Vemos isso na Bolívia, onde o lítio, outra matéria-prima crucial, era suspeito na derrubada de um governo de esquerda; no México, onde a capacidade do Estado é cada vez mais questionada devido à sua incapacidade de deter os ataques de grupos [de tráfico de drogas] (https://cemeri.org/art/estados-unidos-guerra-contra-drogas-america- latina -falhas de meio século/) em estados-chave, onde o lítio foi recentemente encontrado; na República Democrática do Congo, onde a sua fragilidade institucional permite que crianças trabalhem em minas de cobalto, ou na China, onde a extracção irresponsável de recursos como terras raras permitiu elevados níveis de contaminação. A modernidade, tal como as nossas estruturas e instituições, deve ser questionada, uma vez que o progresso científico melhorou a qualidade de vida em certas cidades, as inovações tecnológicas foram acompanhadas de grandes sucessos, mas também de grandes conflitos pelo poder.

Mina de cobalto na República Democrática do Congo.

A hegemonia de uma nação depende da sua acessibilidade aos recursos naturais e da sua inovação nas indústrias tecnológicas de ponta, e os cientistas sociais falam sobre isso, no entanto, não devemos esquecer onde estamos, como nação mexicana, o nosso contexto político e as nossas lideranças sociais. nos rumo a certas formas de conceber a realidade internacional, graças às tecnologias que temos ao nosso alcance, pudemos ver o mundo de uma certa maneira, portanto, o futuro desta sociedade, a mexicana, está condicionado pelos laços com o seu ambiente, a exploração dos recursos naturais ao nosso alcance e o quão ocupada a sociedade está a reflectir sobre a sua vida, a sua modernidade. O mesmo se aplica a qualquer outro tipo de sociedade, questionando: Que modernidade se constrói a partir da tecnologia?, deverá levar-nos a repensar o nosso modo de produção e a ter em conta as variáveis ​​culturais e socioeconómicas e a complexidade das relações de poder das nações onde vivemos. Só assim obteremos respostas coletivas ou individuais de forma clara e correta.

Fontes

    [1] Real Academia Española. Definición de “tecnología” (Edición del tricentenario, 2020). En: https://dle.rae.es/tecnolog%C3%ADa+.

    [2] Ibidem.

    [3] Ibidem.

    [4] García, Rolando. “Estructura, complejidad y jerarquías”, en: Sistemas complejos: conceptos, método y fundamentación epistemológica de la investigación interdisciplinaria p.125. Barcelona: Gedisa, 2006.

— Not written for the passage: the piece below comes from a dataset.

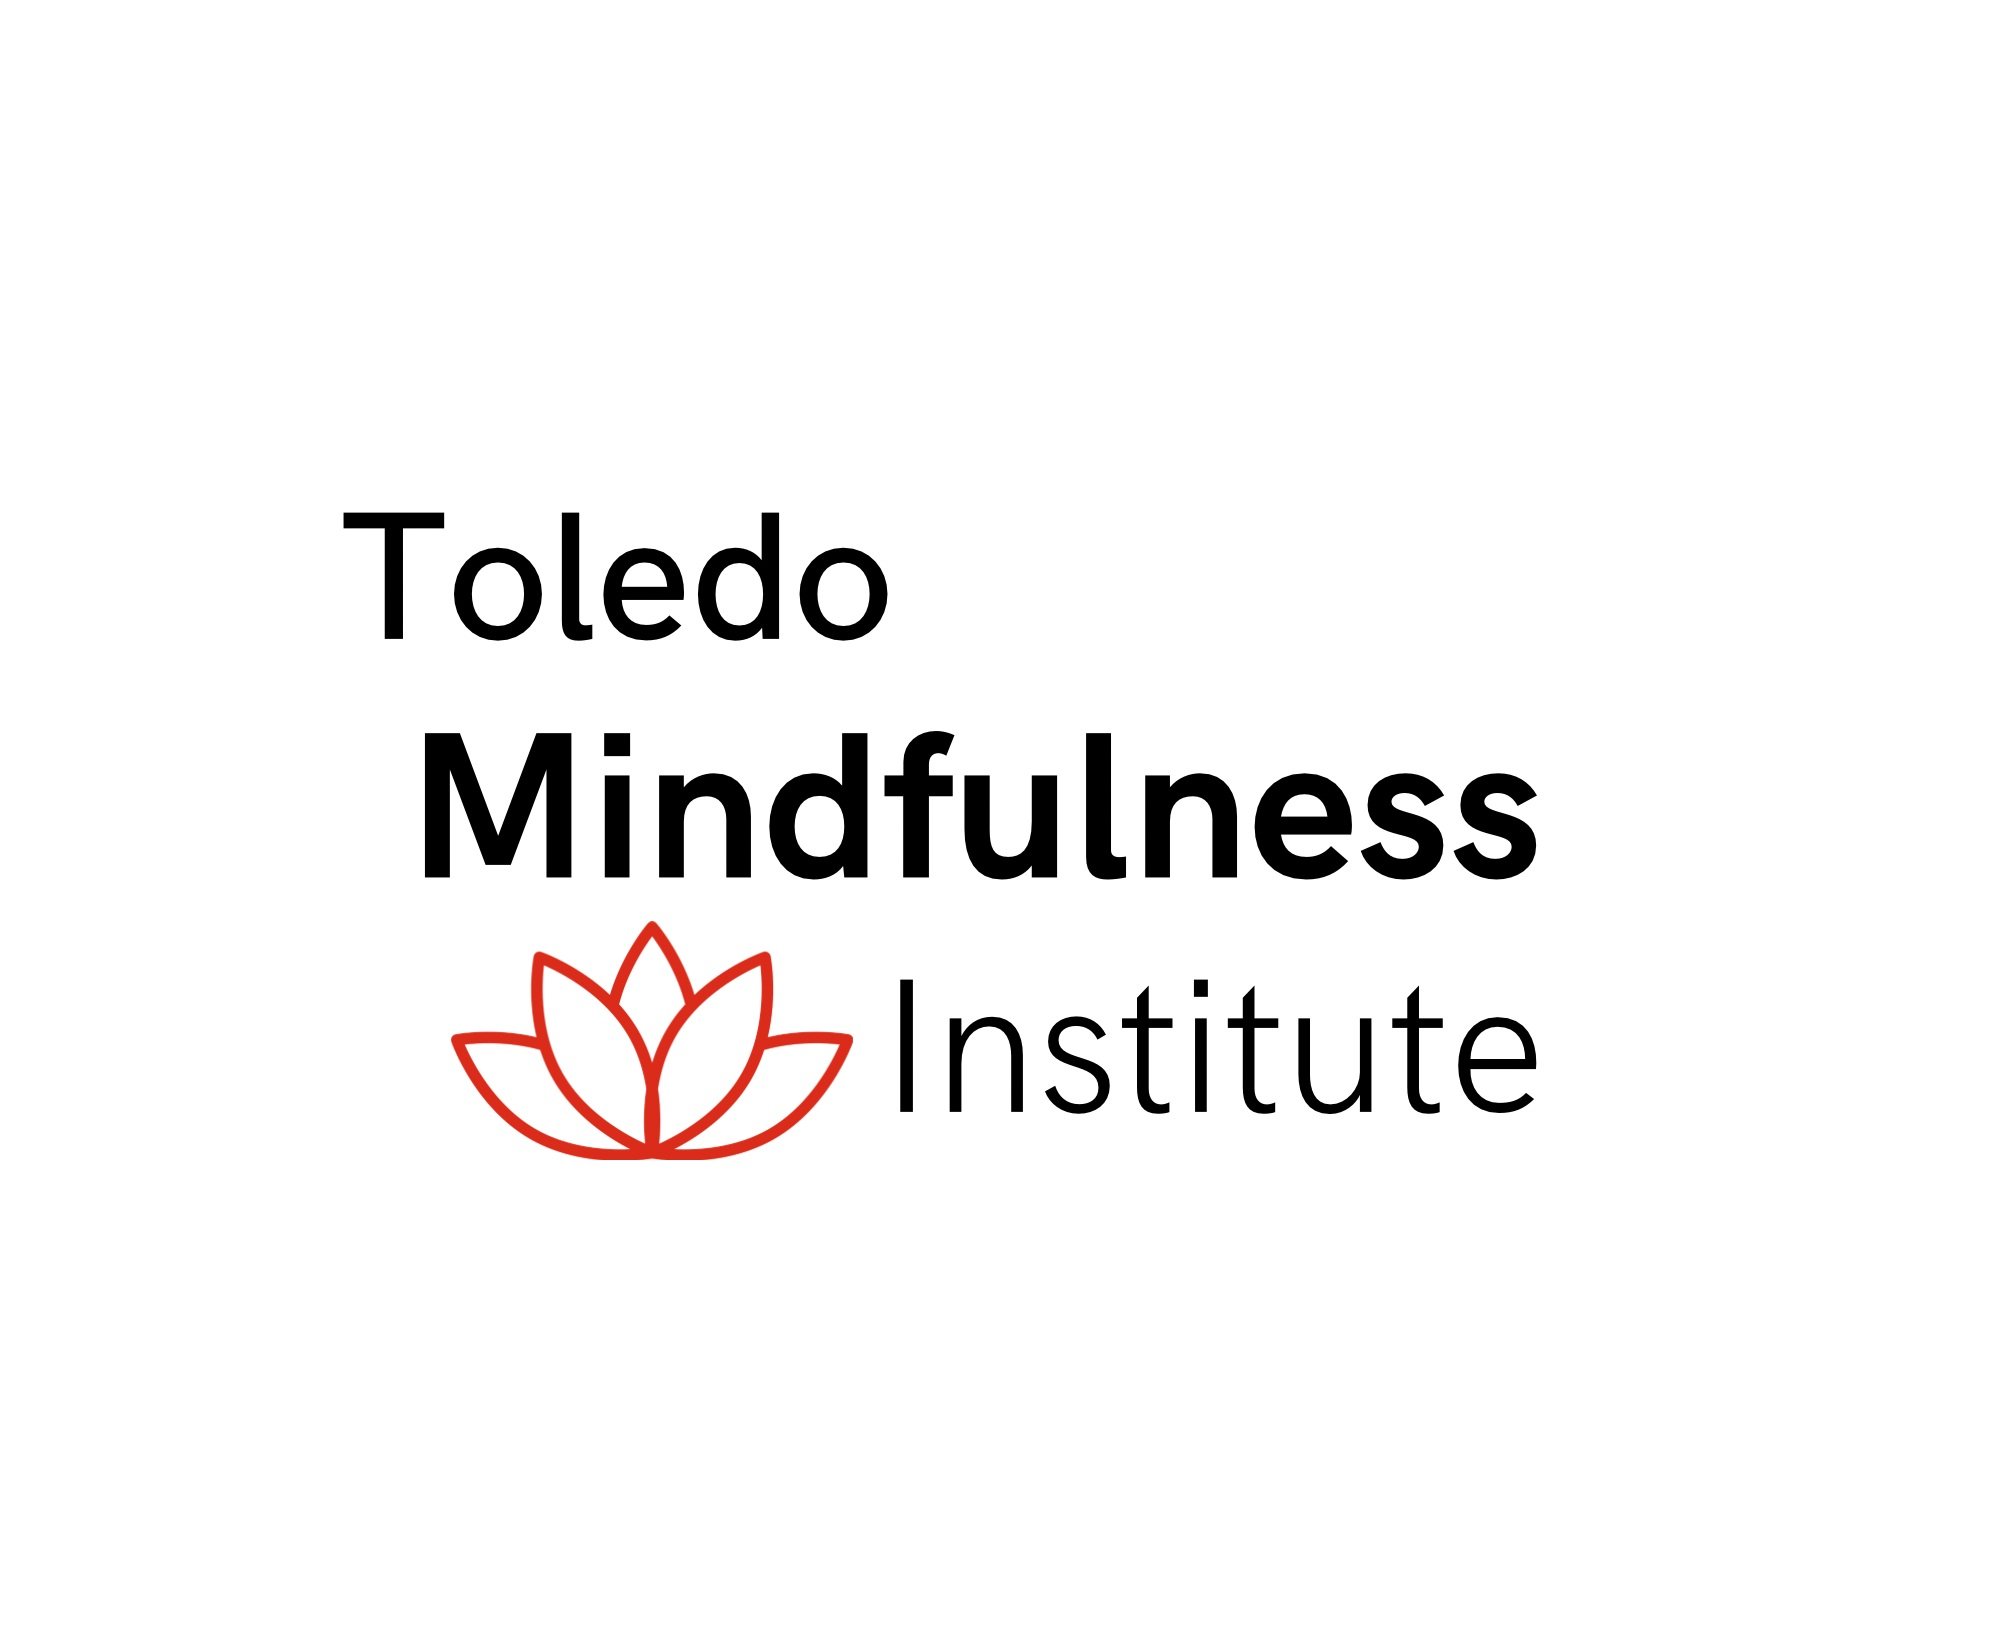 Toledo Mindfulness Institute

    [5] Wallerstein, Immanuel. “El surgimiento de los Sistemas Estatales: Naciones-Estado soberanas, colonias y el sistema interestatal”, en: Análisis de sistemas-mundo p.42. Ciudad de México: Siglo XXI Editores, 2004.

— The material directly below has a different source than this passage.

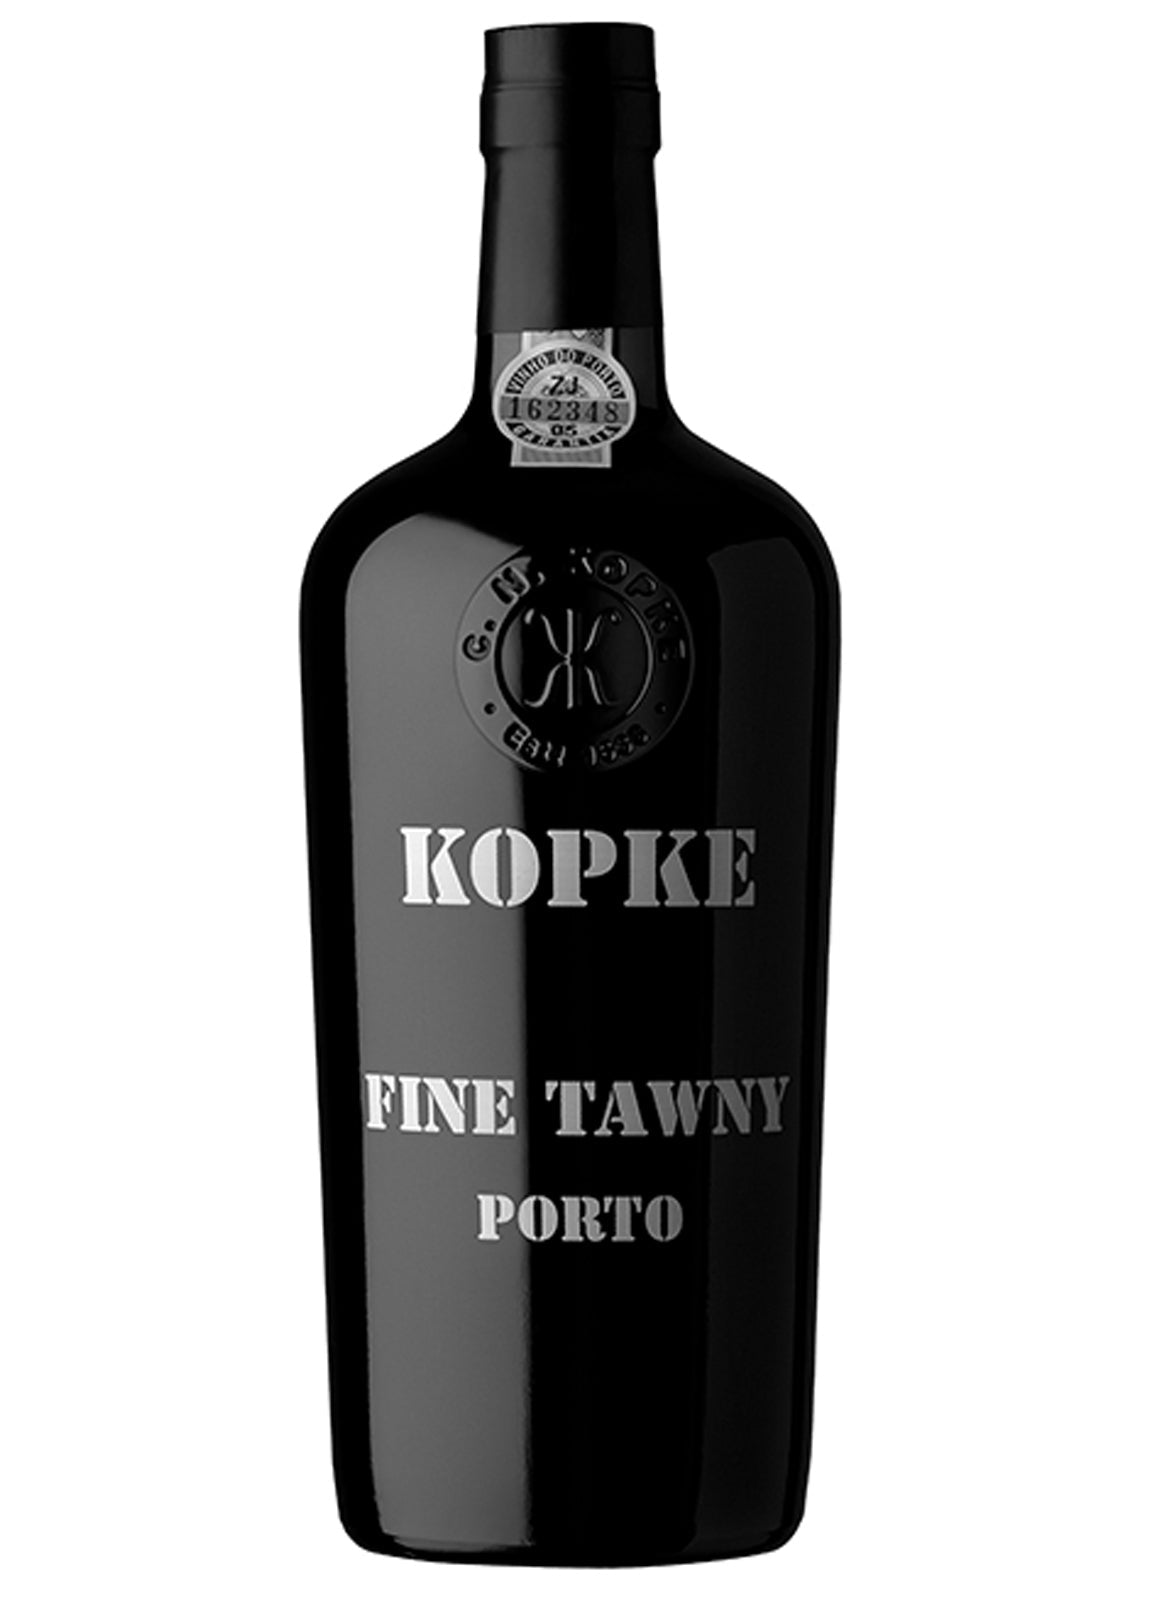 Vinho do Porto Fine Tawny Kopke

    [6]Keohane, Robert. «Evaluating The Theory Of Hegemonic Stability», en: After Hegemony p. 32. Chichester, West Sussex: Princeton University Press, 1984.

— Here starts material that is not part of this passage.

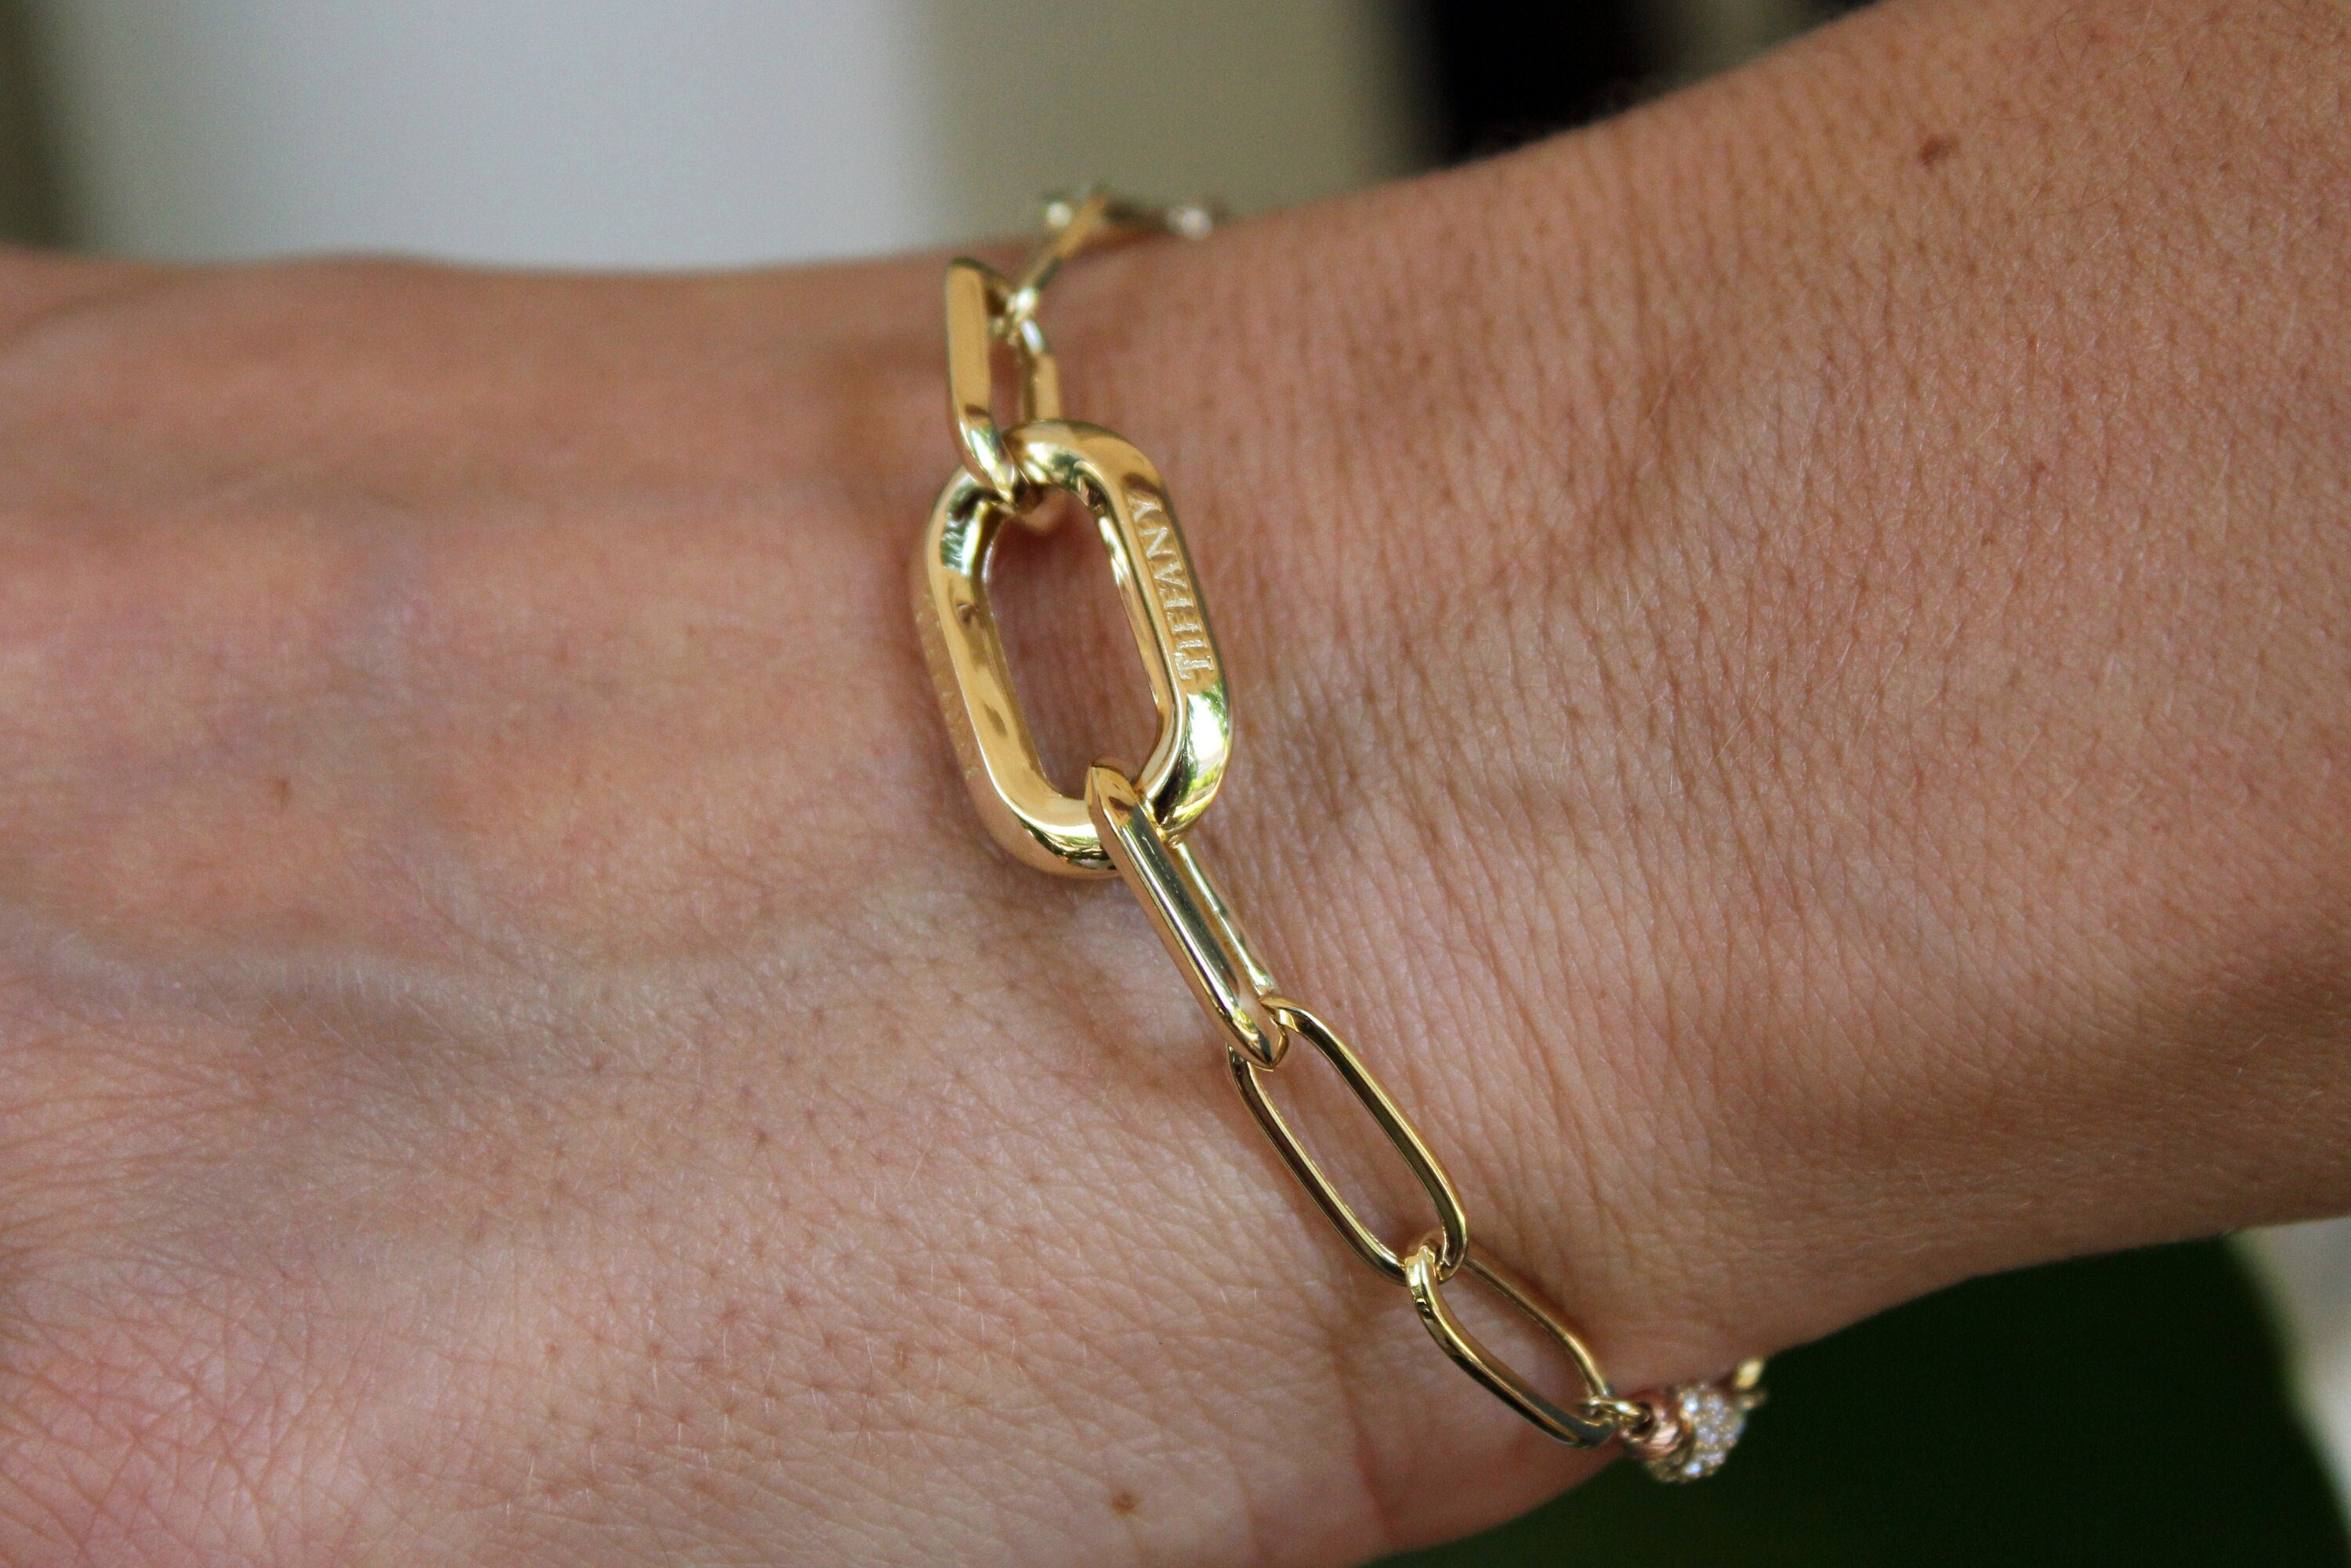 Paperclip Necklace or Bracelet Extender

    [7] Graedel, T.E., E.M. Harper, N.T. Nassar, y Barbara K .Reck. «On the material basis of modern society.» Proceedings of the National Academy of Sciences of the United States of America , 112, nº 20 (2015): p. 6296.

    [8] Ibid. p. 6298.

    [9] Los datos están basados en la cantidad exportada por esas naciones durante el año 2019. La información puede ser consultada en: trademap.org utilizando los códigos: 8101 para el tungsteno; 2810 para el boro; y 2605 para el cobalto.